Both companies have agreed not to disclose the contents of what is an attempt at a “negotiated settlement”, rather than an arbitration process, until a conclusion has been reached.

But Nyembezi-Heita has confirmed that the focus is on extending the life of the mine and reducing its operating costs. She also reveals that no life-extension discussion could be entertained without reference to the so-called Phoenix project, over which AMSA and Kumba have been in ongoing dispute for a number of years.

The cost of material from Thabazimbi has been rising steadily, while volumes have been declining as the mine nears the end of its life in its current form.

A few years ago, AMSA was buying 2.5-million tons yearly from the operation, a figure that has since fallen to around 1-million tons. AMSA has replaced the material through purchases from Assmang’s Beeshoek mine, in the Northern Cape.

CFO Matthias Wellhausen says that, while iron-ore-related costs rose 27% during the six months to June 30, the cost of material from Thabazimbi increased by 54% during the period. He adds that a structural solution is required to support its internal drive to achieved earnings before interest, taxation, depreciation and amortisation of $110/t by 2016.

“We are at the tail-end of an engagement with Kumba to arrive at a solution that will comprehensively address the high cost of Thabazimbi, and we anticipate reaching conclusion on those discussions during the second half – in fact, if we are being wildly optimistic, even during the third quarter,” Nyembezi-Heita says.

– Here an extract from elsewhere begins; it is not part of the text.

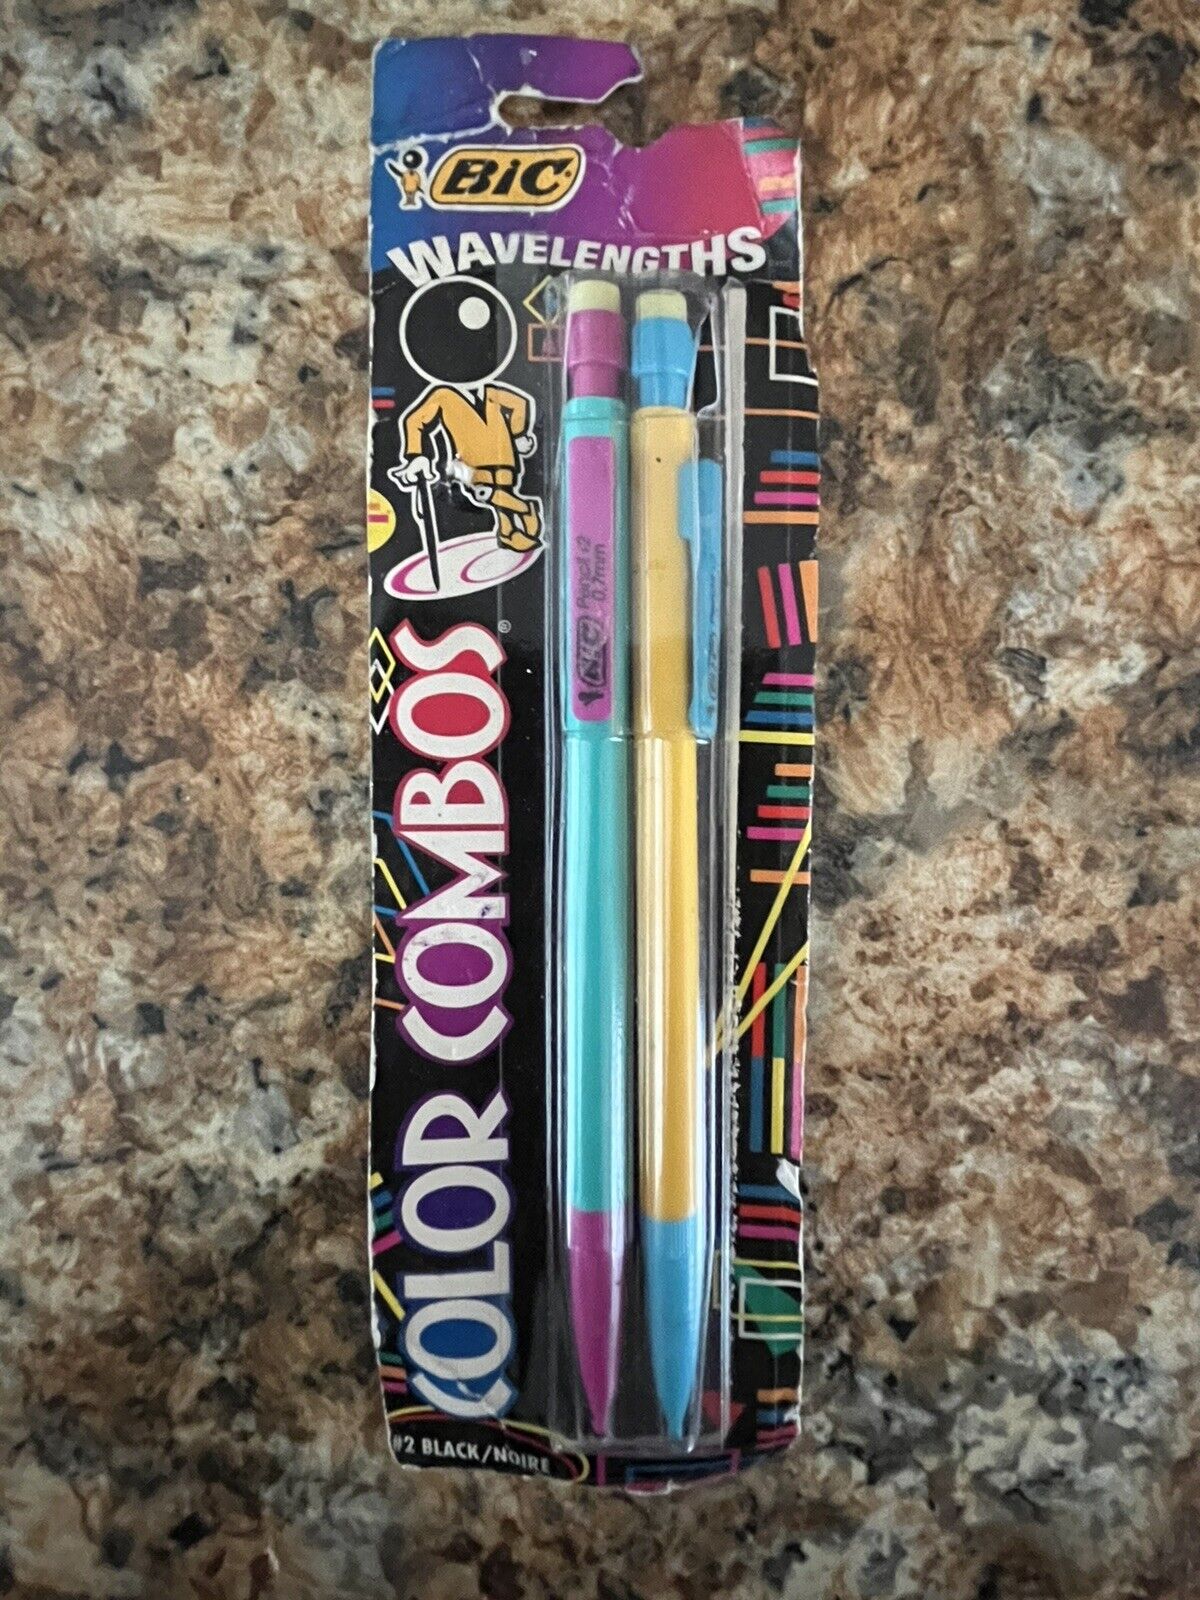 Vintage New 1994 BIC Wavelengths Color Combos 2pk No. 2 Mechanical Pencils NOS

AMSA’s participation in the life extension of the operation is the group’s priority, with both companies liable for 50% of any closure costs and AMSA responsible for all environmental remediation. Some R400-million has been earmarked to cover these expenses.

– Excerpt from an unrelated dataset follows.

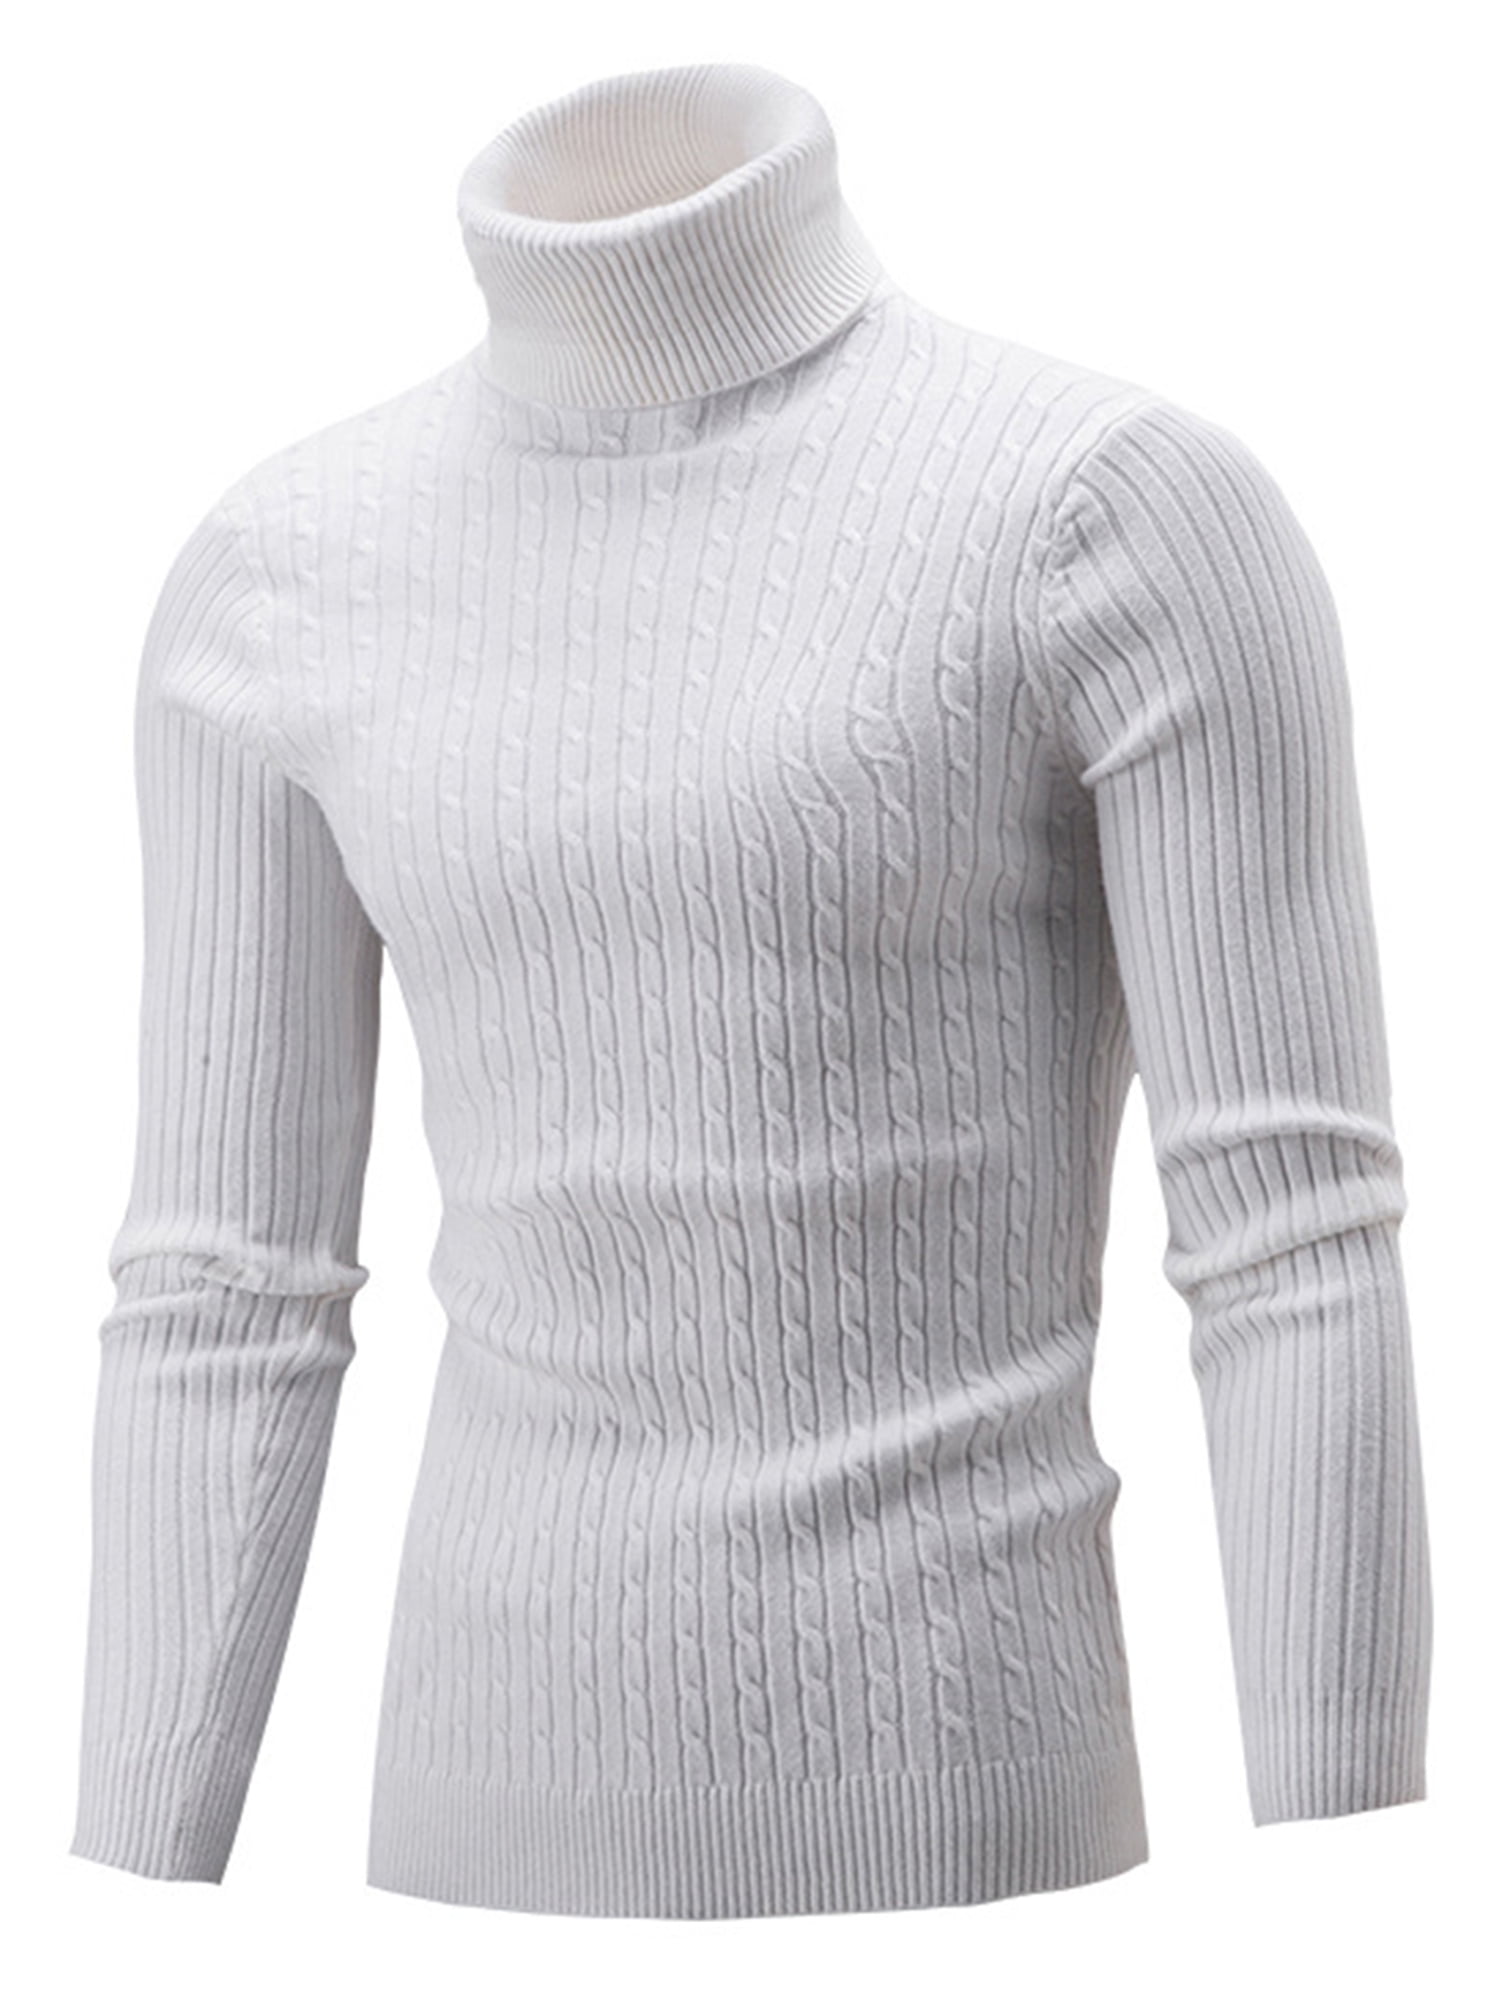 Tetyseysh Men Slim Fit Turtleneck Sweater Casual Twist Pattern Knitted ...

“The talks are to explore whether there is not a viable alternative to closure,” Nyembezi-Heita says, saying that if a decision had already been made to close the mine, no engagement would be necessary.

In parallel, AMSA is also moving ahead with a plan to develop a greenfield mine in the Northern Cape, which would be able to close the supply gap that would arise from the closure of Thabazimbi.

It is yet to disclose the location or its partners in the project, but both of these will come to light in the near future when the partners apply for a mining licence.

During the six-month period, AMSA invested R38-million to firm up the resource and the exploration phase was completed at the end of March 2013. “We anticipate submitting an application for the mining rights in the third quarter.”

Meanwhile, arbitration proceedings regarding the future of a supply agreement between AMSA and Kumba’s Sishen Iron Ore Company (SIOC) are being held back to allow for all legal actions surrounding the status of the new-order mineral rights to be finalised.

On September 3, the Constitutional Court of South Africa will hear an application by the Department of Mineral Resources and Imperial Crown Trading to set aside a Supreme Court of Appeal judgment confirming SIOC’s Sishen rights.

For the time being, the sale of iron-ore from the Sishen mine to AMSA is regulated in terms of an interim pricing agreement concluded in December 2012 and applies to the period from January 1 to December 1, 2013, or finalisation of the arbitration.